PTSD is like having your stress bucket almost full before you start your day. Adding a big event such as a wedding or friends party or a movie or any other event with good stress or bad stress I am making trade offs. How long will it take me to recover from that 3 hour event?
I read the spoon theory awhile back that accurately describes the experience I have with PTSD and my energy levels. http://www.butyoudontlooksick.com/articles/written-by-christine/the-spoon-theory/
Christine Miserandino does a masterful job explaining how with some illnesses, and for me PTSD, we have a limited amount of energy. I try to explain this and I get frustrated. I told a friend that after teaching school I would get home and just sit on the couch. I would turn on the TV to stop me from being completely bored. My friend commented, “I wish I could do that.” I stared at her and said nothing. I wanted to shout, “Really? You talk as if I have a choice. You don’t understand. If the house was burning down I would wave the world good-bye because I don’t have enough energy to get off the couch and no more adrenaline to give me a kick start.” Sometimes you are out of energy and out of choices.
Today my daughter posted a link to an article on spending energy. http://themighty.com/2016/07/advice-for-spending-energy-with-fibromyalgia-or-chronic-fatigue/ Some of it I agree with but some I would add a bit of information.
Do you have a choice? I complained to my counselor what things I had to do and he pointed out without a gun to my head, I had choices. You may not like the consequences but you have a choice. Sometimes my choice is I can go to the event and pass out there or stay home and pass out. The passing out part was no longer optional. This is one of the reasons some people with PTSD stay home, a lot. It is easier to protect myself from triggers at home than when I am out and about.
Can you plan for extra rest in advance? Sometimes, usually I plan for extra rest afterwards. Usually the stress of anticipating the activity will cut out any hope for extra rest before and event.
Do you have time for recovery after? This is not optional for me. I plan for this or pick myself up off the ground where ever I am. I don’t plan to accomplish anything between Christmas and New Year, I know the emotional drain from Christmas will leave me wiped out. Christmas is a trigger.
Do you have exit plans? I loved learning about this one. Giving myself permission to leave when I decided I was ready was awesome. I plan for an exit plan and rejoice if I don’t have to use it. Deciding where I sit at an event, choosing where I stand at a party are all part of my exit plan and preparing myself to leave.

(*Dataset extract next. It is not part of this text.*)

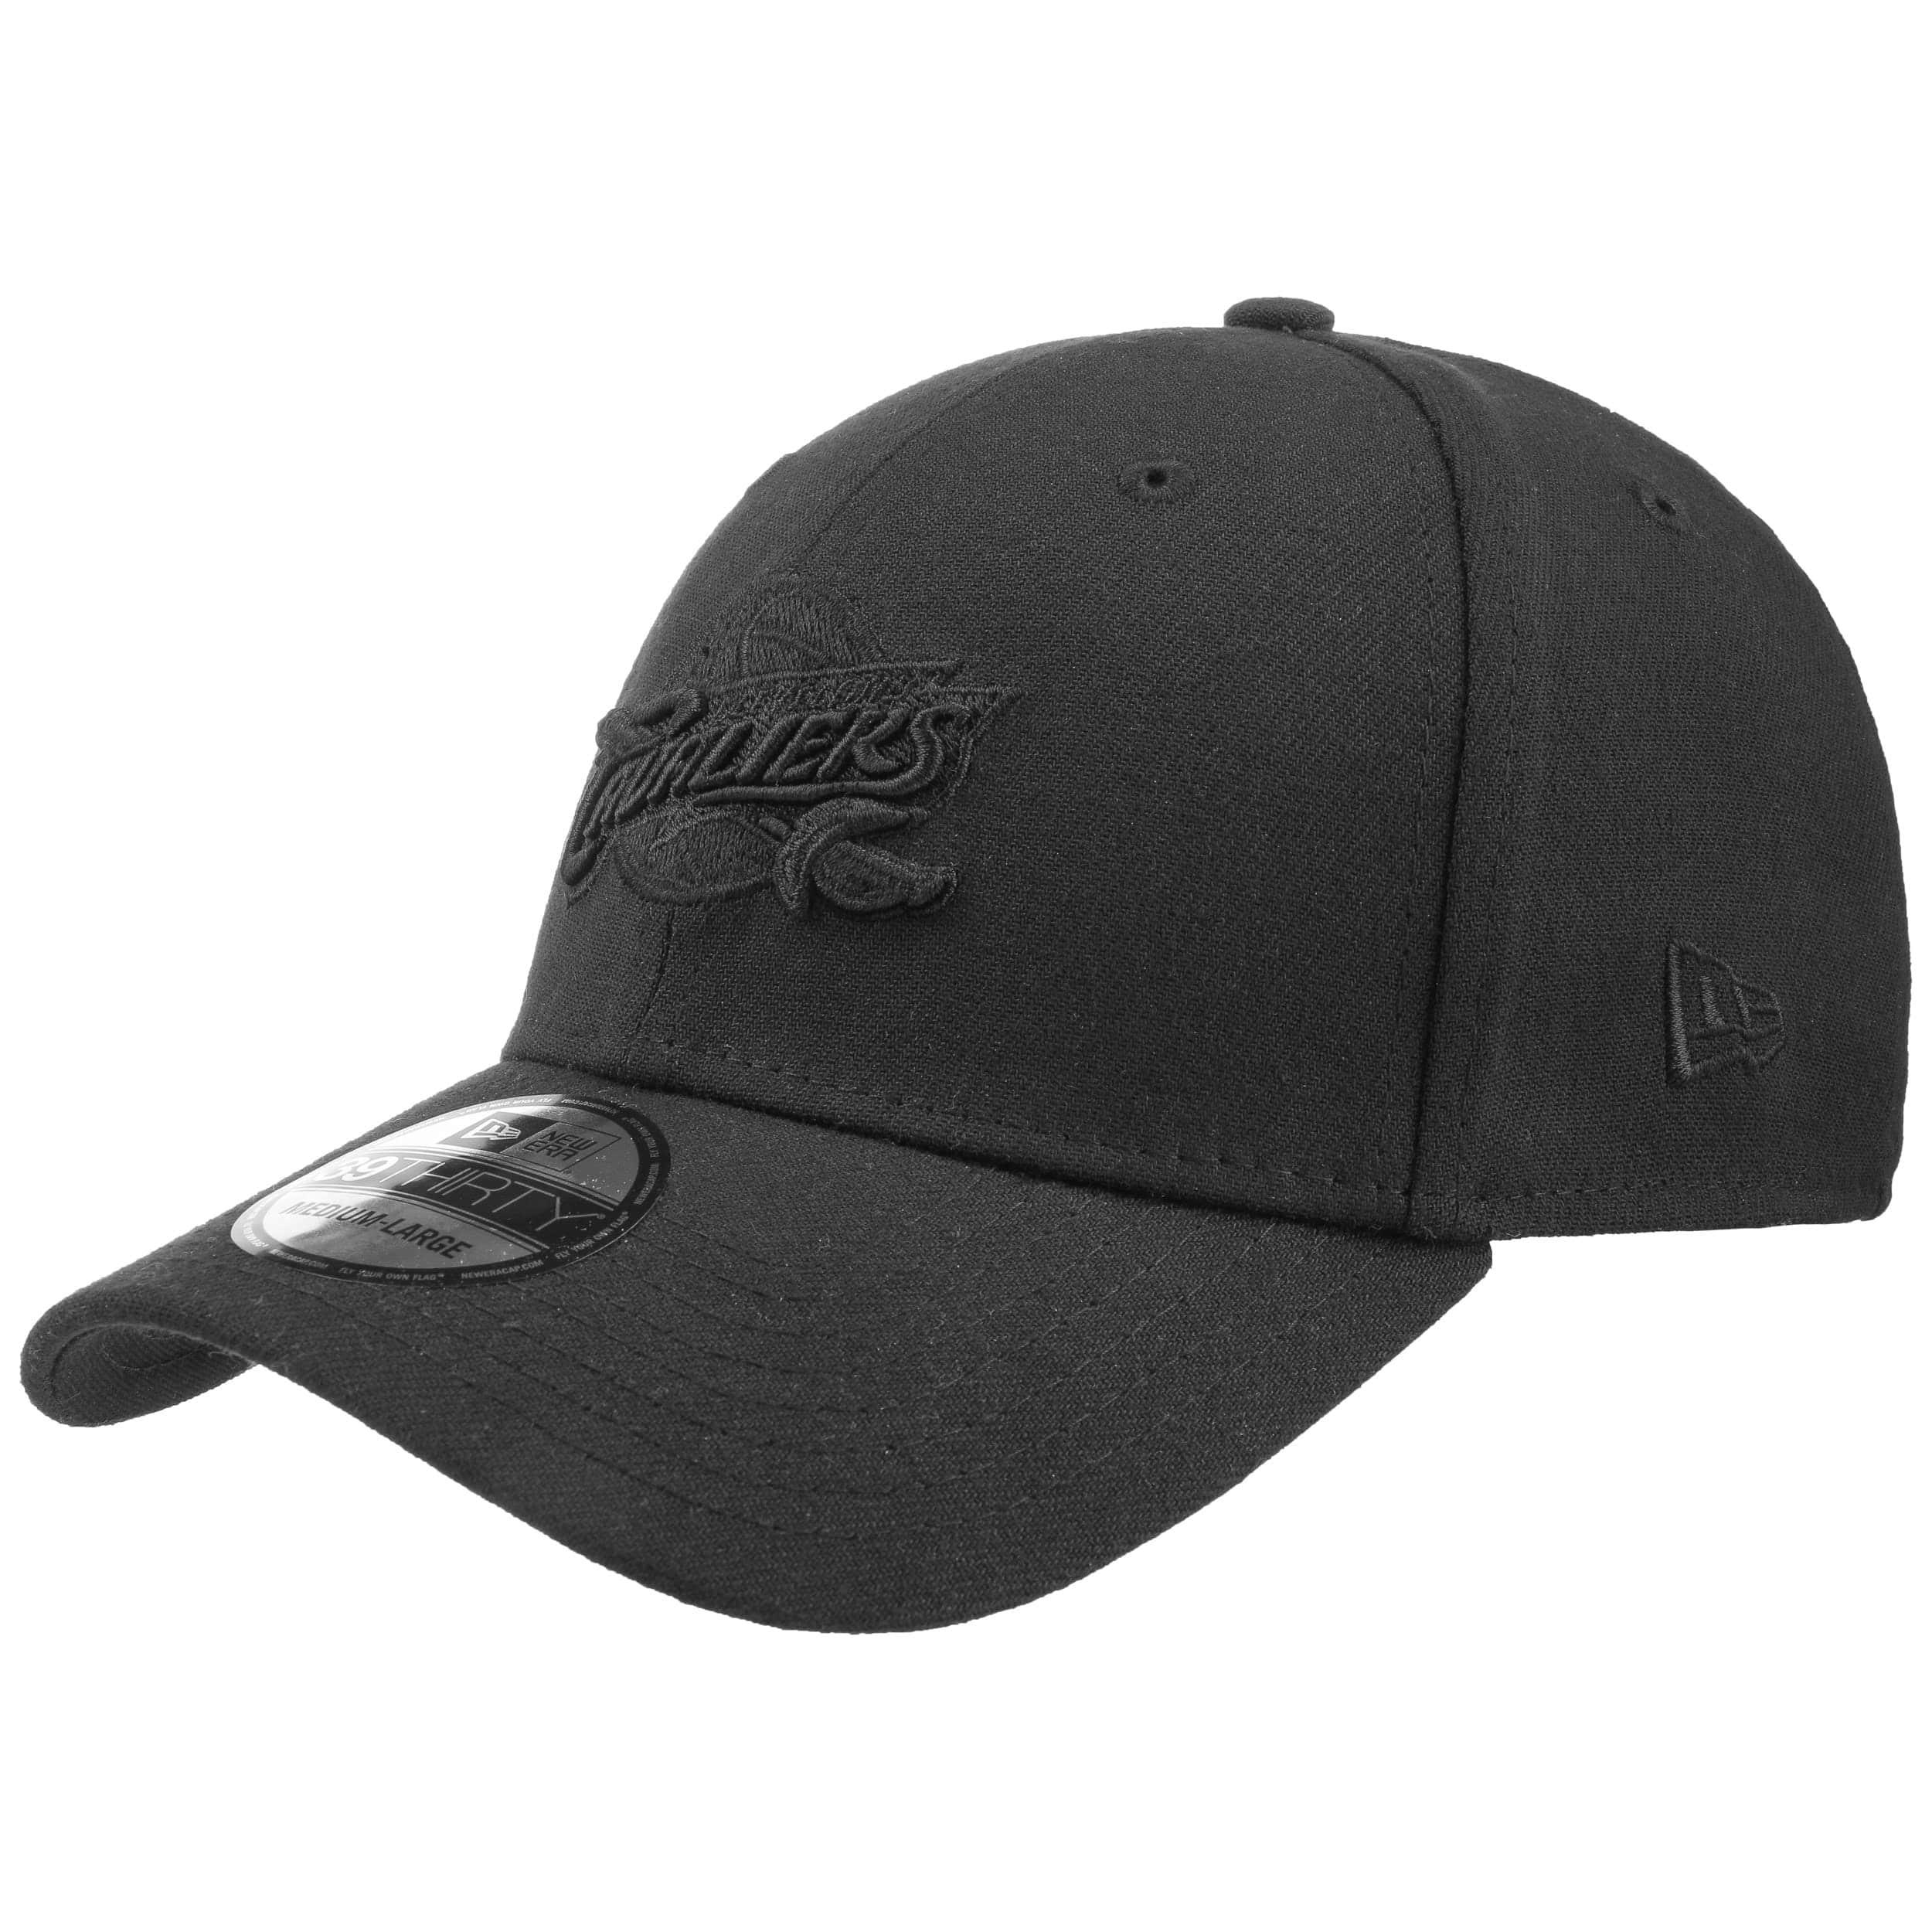 39thirty cleveland cavs bob cap by new era eur 24 95 hats caps beanies shop online. Black Bedroom Furniture Sets. Home Design Ideas

What are your coping strategies? I have my coping list of things I can do in different situations. I practice them when I am calm. I give myself permission to take care of myself how I need to be taken care of and not worry about what other people think. Other people are not in my body and don’t have to listen to my thoughts.

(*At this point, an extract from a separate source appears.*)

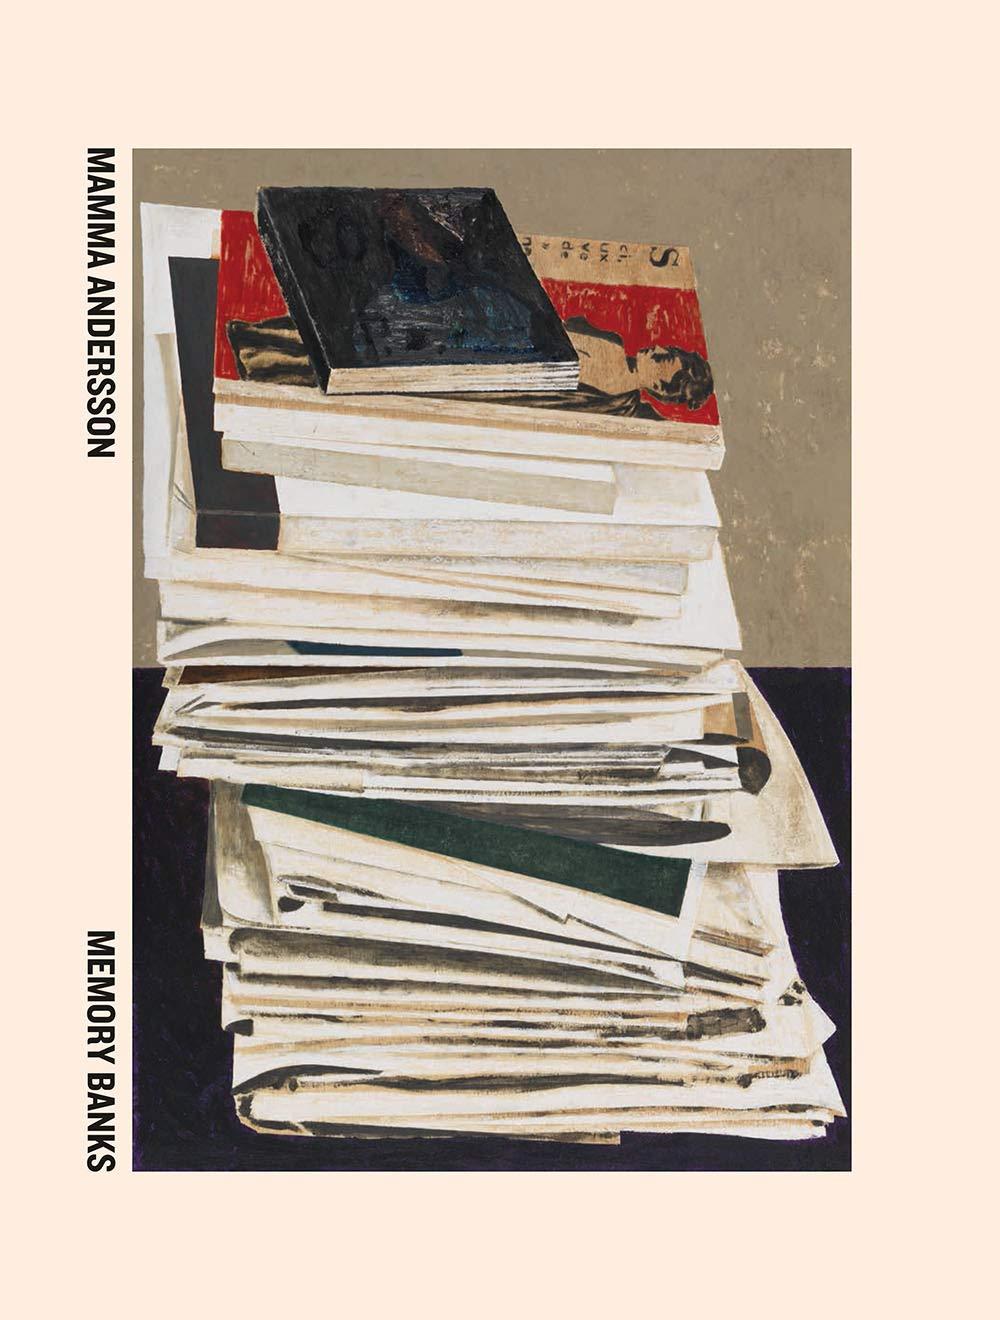 Karin Mamma Andersson : Memory banks (Anglais) Relié – 3 octobre 2018 Damiani 8862086016 Kunst allgemein ART / Mixed Media

Savor the memories. My warm fuzzy box, pictures, and little mementos are a few of the things that help me to savor and revisit the joyful part of an event. Too often I work so hard to be at an advent that it can’t meet my elevated expectations. (Warm Fuzzy box http://www.creativity-portal.com/howto/a/violette/warm-fuzzy-box.html)
For me, almost everything has a trade off. Summer time I enjoy the luxury of staying home and not needing to push myself pass any of my limits. I also tend to not want to go out more and more. So going back to work when school starts motivates me to keep going beyond the limits my mind and body try to place on me. I am functioning much better now. One more week then back to school. I can do this.